=== Material provided ===
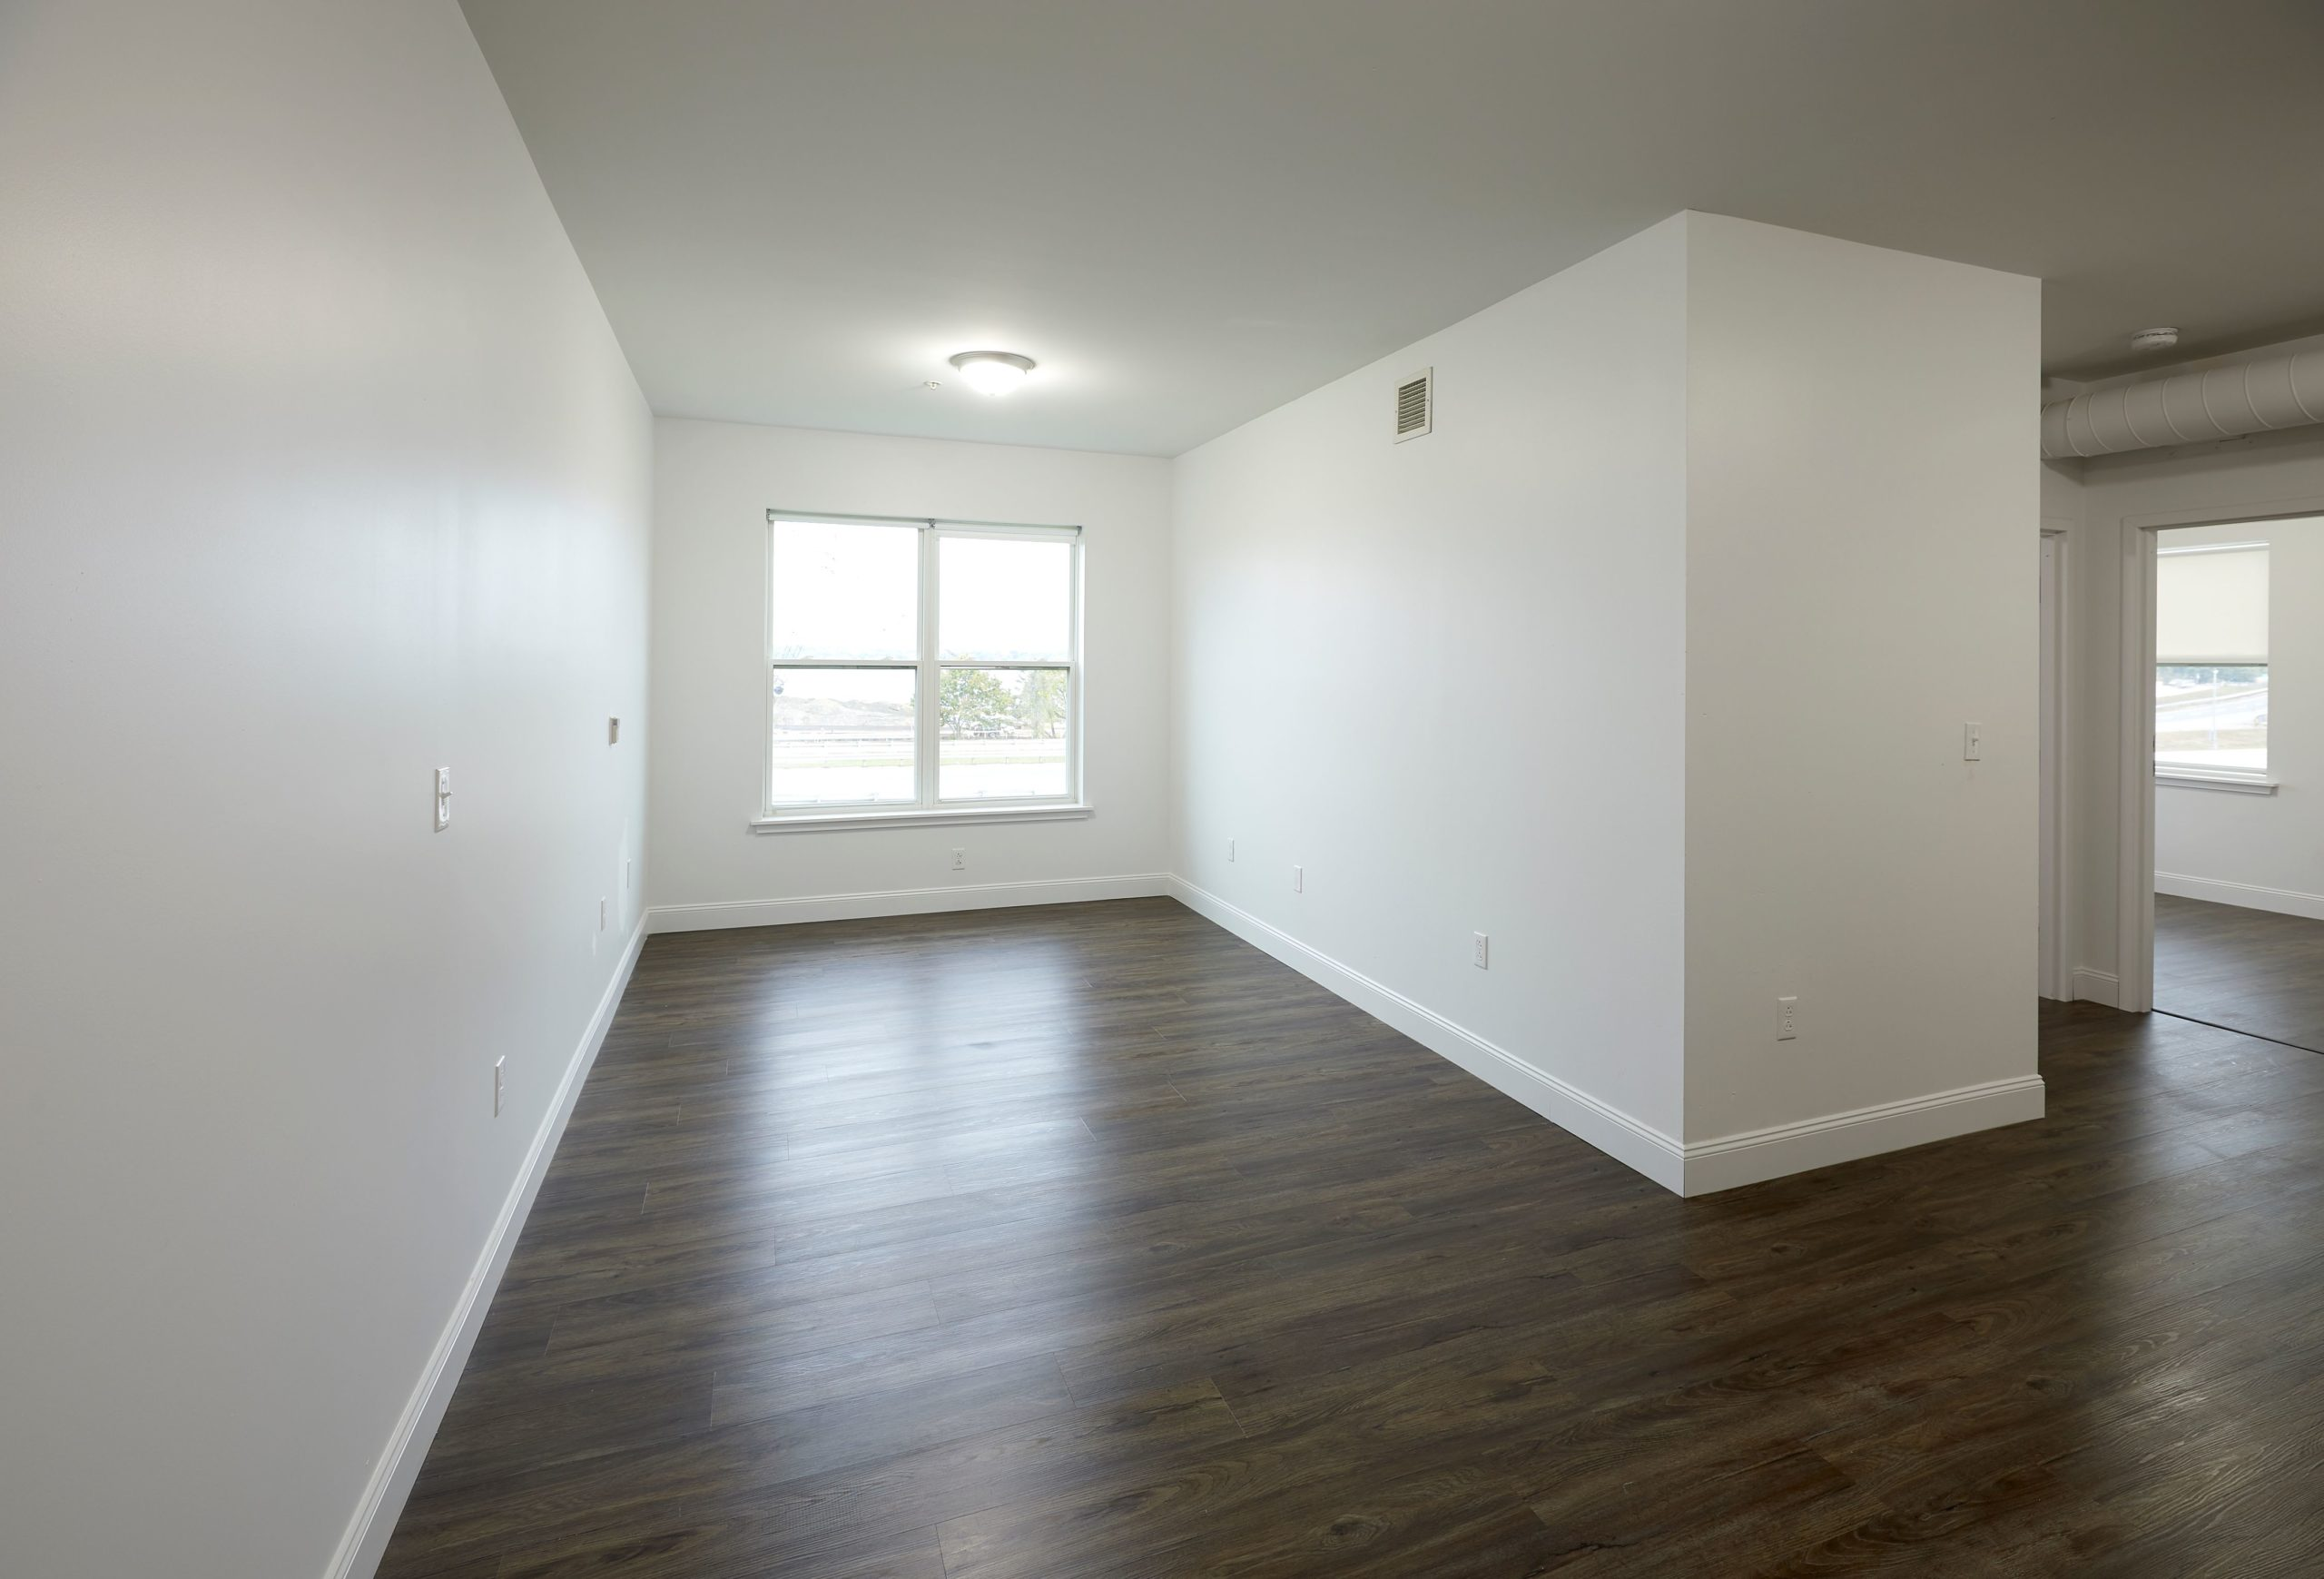 132 Marginal Way – The Linden – Apartment 331 **Corner Unit! Back Cove Views!**
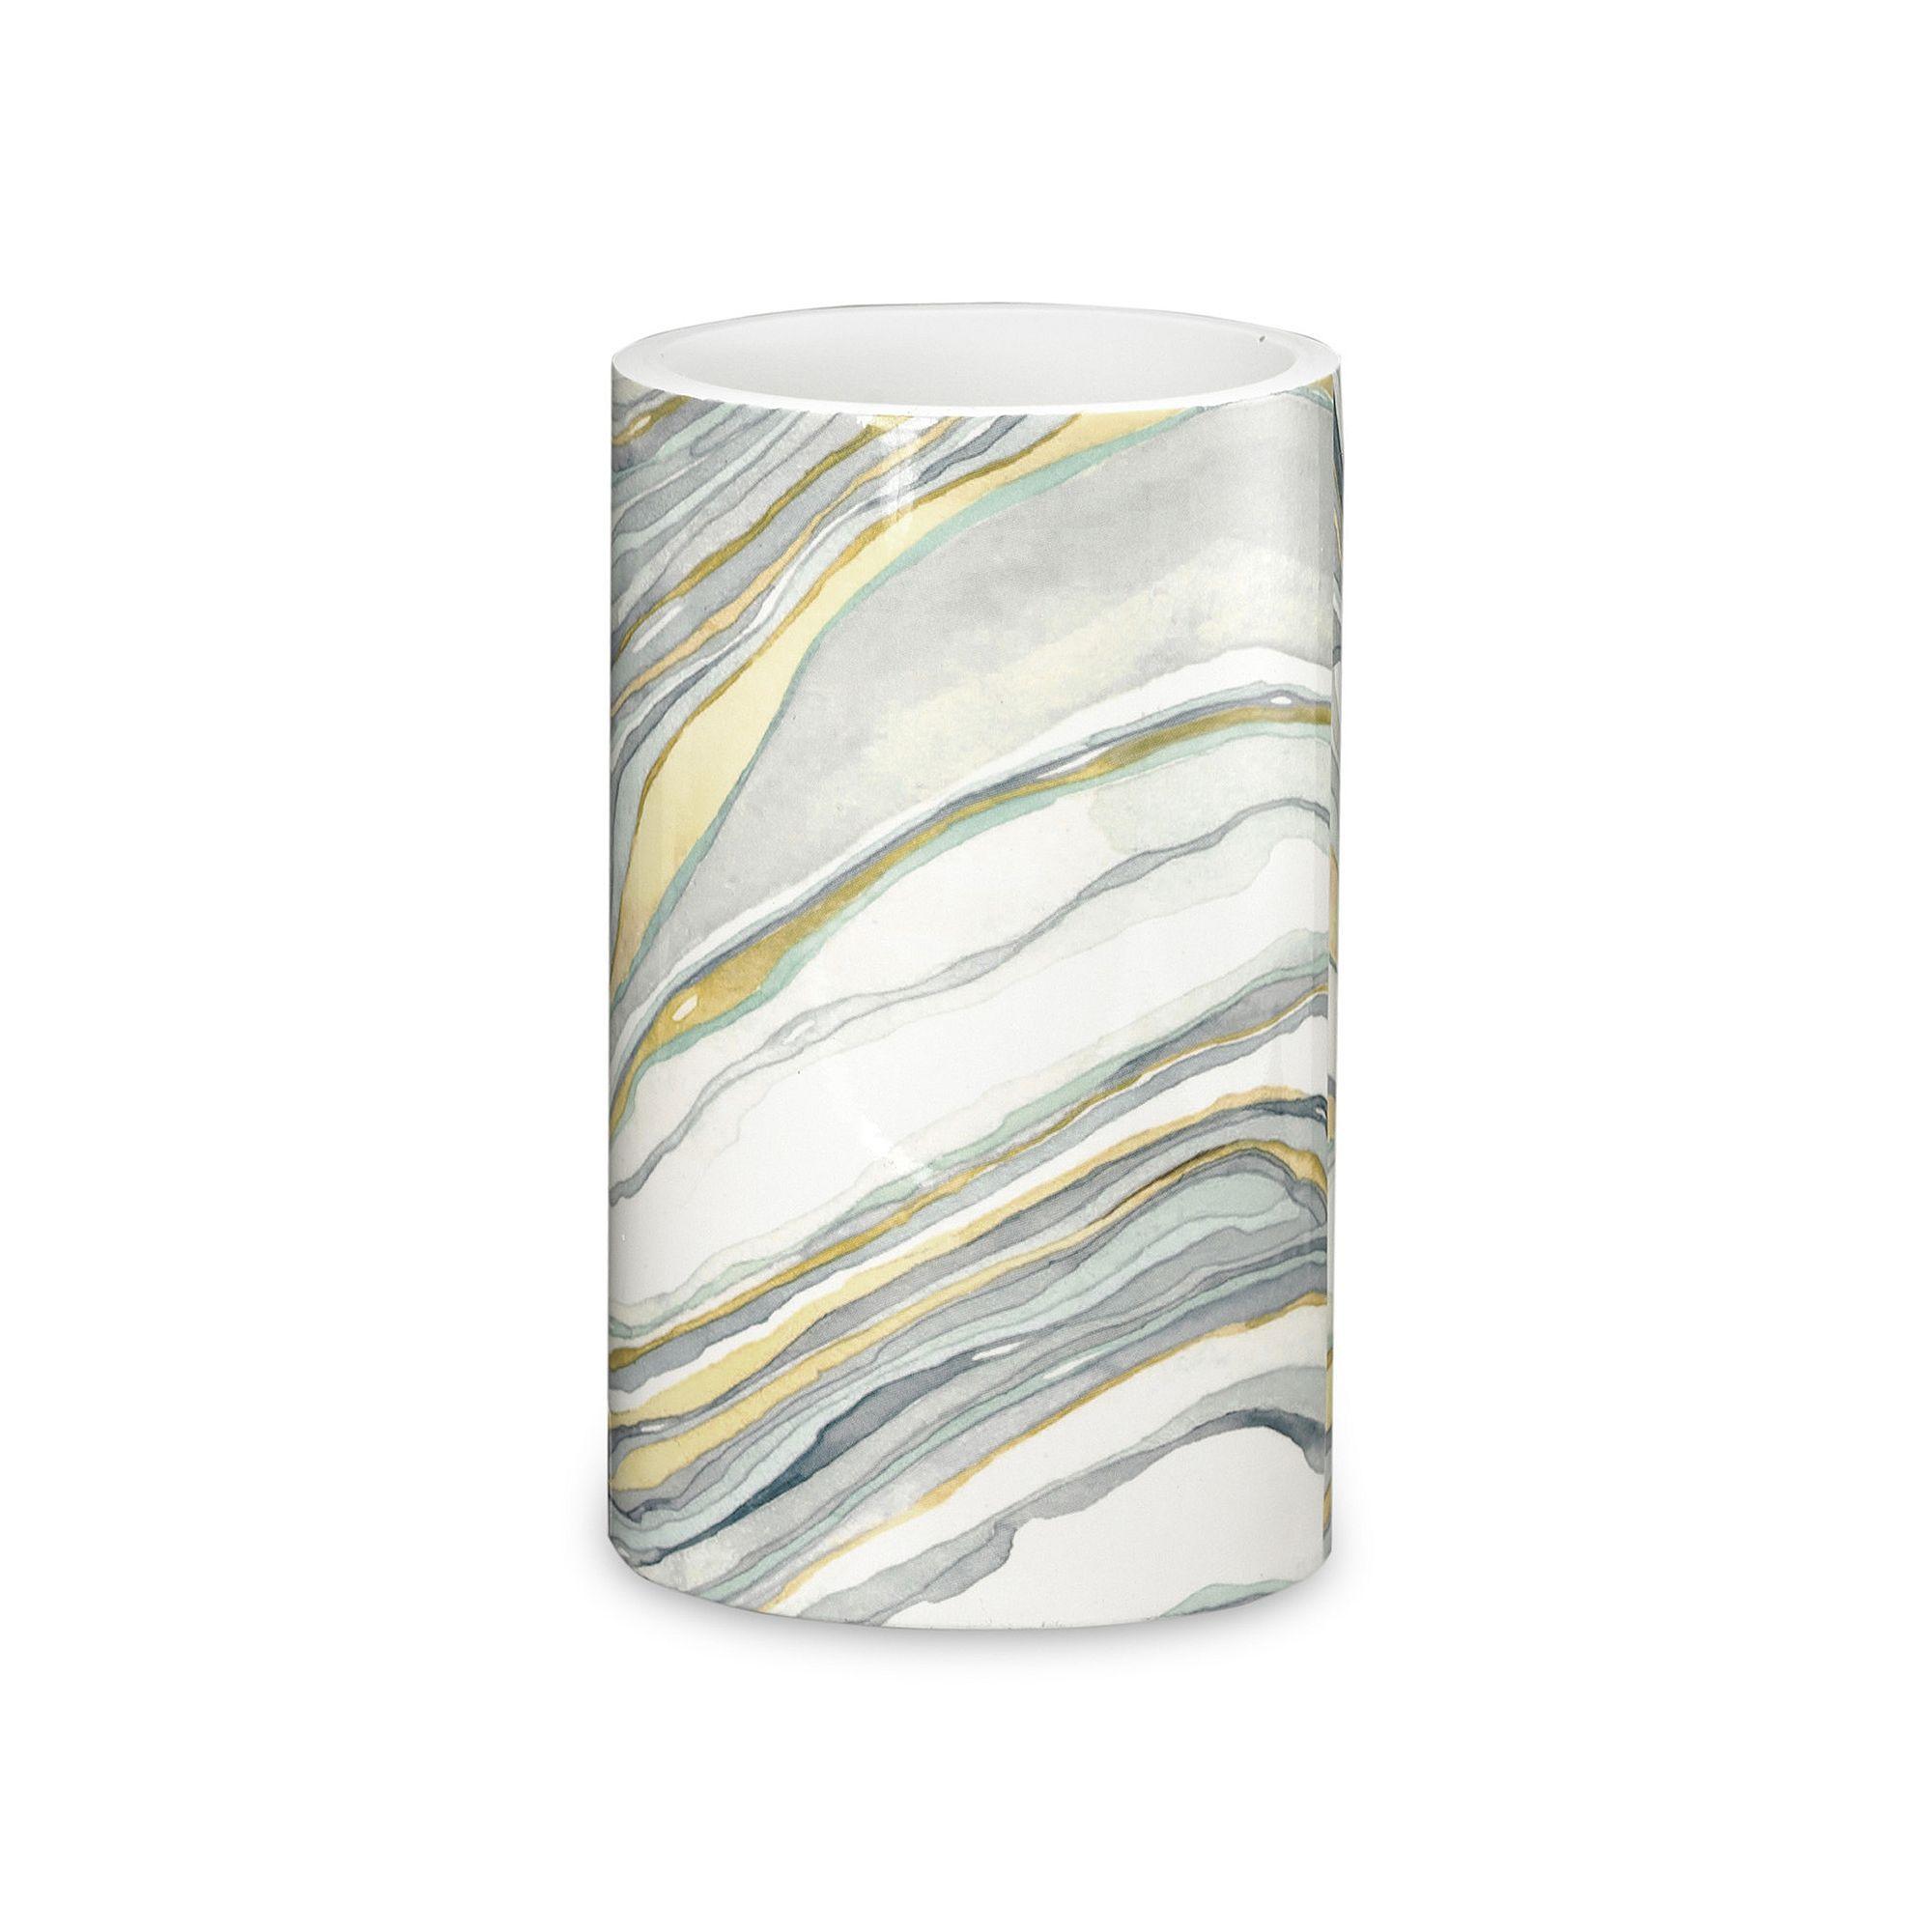 Popular Bath Shell Rummel Sand Stone Tumbler Stone Tumbler
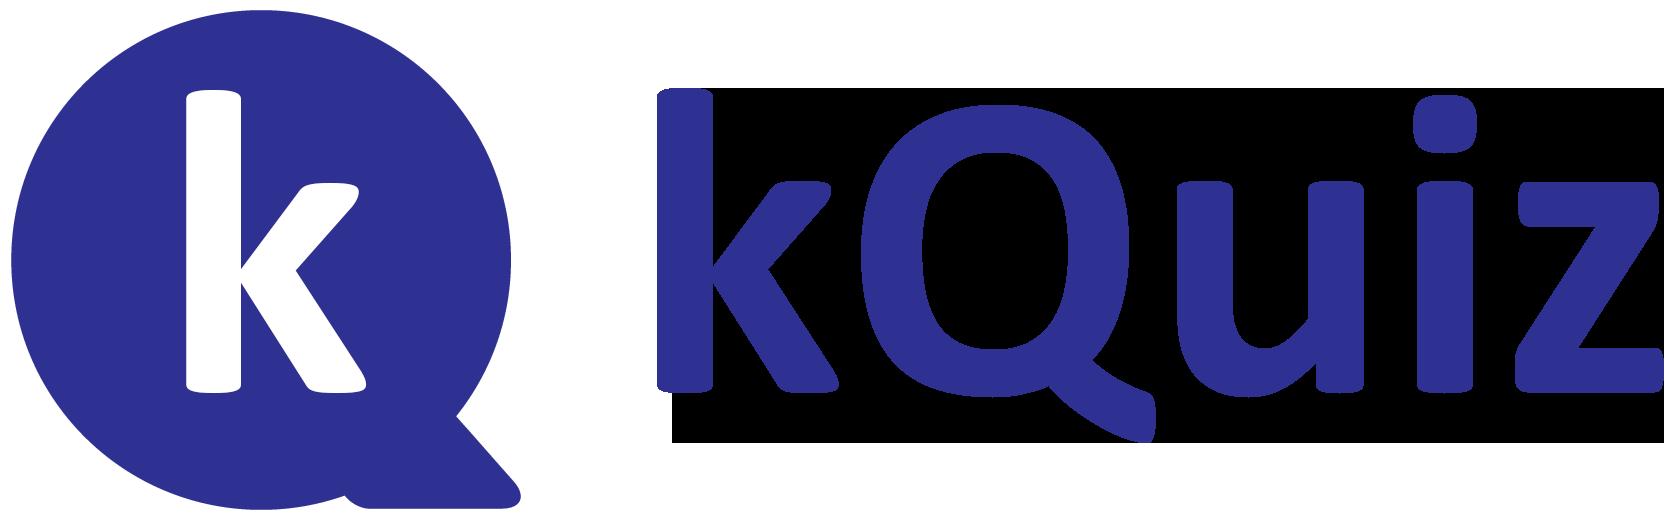 kQuiz Logo

=== Your goal ===
Exactly reproduce the lines beginning at the one that contains "Popular Bath Shell" and ending at the final line of the material, with the pictures left out.

=== Exercise output ===
 Popular Bath Shell Rummel Sand Stone Tumbler Stone Tumbler
 kQuiz Logo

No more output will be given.